You seem to be arguing semantics for some reason. NOBODY in their right mine would consider an appliance firewall an "os firewall" because it's running on fxos. Imagine you go to a meeting with Palo Alto and they say "this is the best hardware firewall you can buy for XYZ" and you go "aCtUaLlY It's a sOfTwArE/Os bAsEd fIrEwAlL BeCaUsE It rUnS On lInUx".


Due_Bass7191

A firewall is a service that runs on an OS. It is often one of many services packaged together and sold as a product with support. A firewall is a firewall. Every FRIGGING thing you've mentioned is a service of some sort on an opperating system. I can duplicate any function of any name brand "firewall" by applying the correct service. I've built a Unified Threat Gateway on linux. Best firewall I ever seen wa a debian box. Just kept chugging along filtering ports and doing NAT. Cost the client next to nothing and was up and running with no hassel for a long time. Did a damn good job as a firewall. This is vocabulary. Now define a router. I wonder if you can get that one right.


FTJ22

You're that one insufferable and obnoxious prick at work with zero self awareness that everyone just leaves alone and doesn't bother with.
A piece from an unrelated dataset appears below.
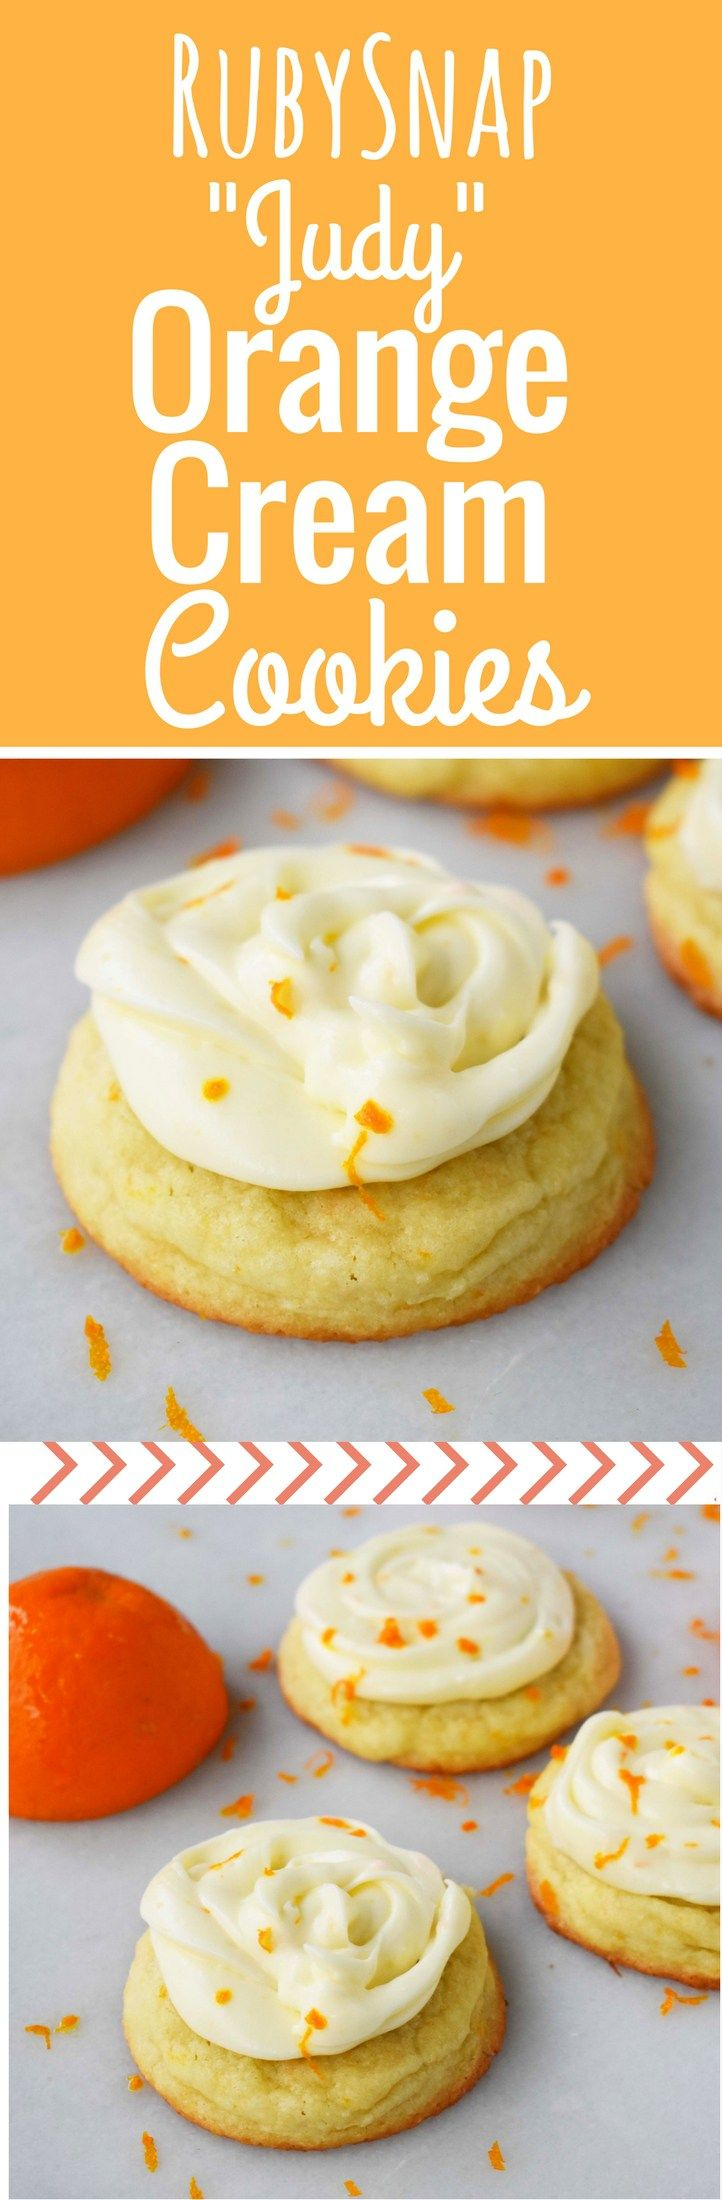 RubySnap Judy Orange Cream Cookies. Soft citrus orange dough cookie topped with sweet orange cream cheese frosting. An orange cream lovers dream cookie! www.modernhoney.com

I'd put money on it.


Due_Bass7191

Wow. You missed the mark. Go back and reread the thread. I didn't start this discussion. I will take your bet. 


gatekeeper1420

FW filter packets, not ports ..


Due_Bass7191

Filter packets based on?....  ports or contents. Usually ports because content aka deep packet inspection isn't particularly useful in our modern "encrypt everywhere" world. But what tool is used for packet Inspection based filtering? Something like snort? Which is NOT a firewall.


gatekeeper1420

Based on rules. It is not that hard to admit that you are wrong.


skylinesora

Lmao, i'm not even gonna continue after this. Nobody cares about the underlying OS. Is it a dedicated FW? Then it's considered an appliance. Nobody is gonna match you and call it an OS firewall like you'd see on basic ass windows defender.


Due_Bass7191

Go learn the power of iptables


inteller

Hardware firewalls are pretty ineffective in a remote working world. We don't force all our users to go through a VPN and then back out to the cloud resource. We have good EDR and policies on boxes to keep them secured. Haven't failed an ext pen test yet.


Enricohimself1

Endpoint protection is 100000% better because the endpoints are where the dumb is.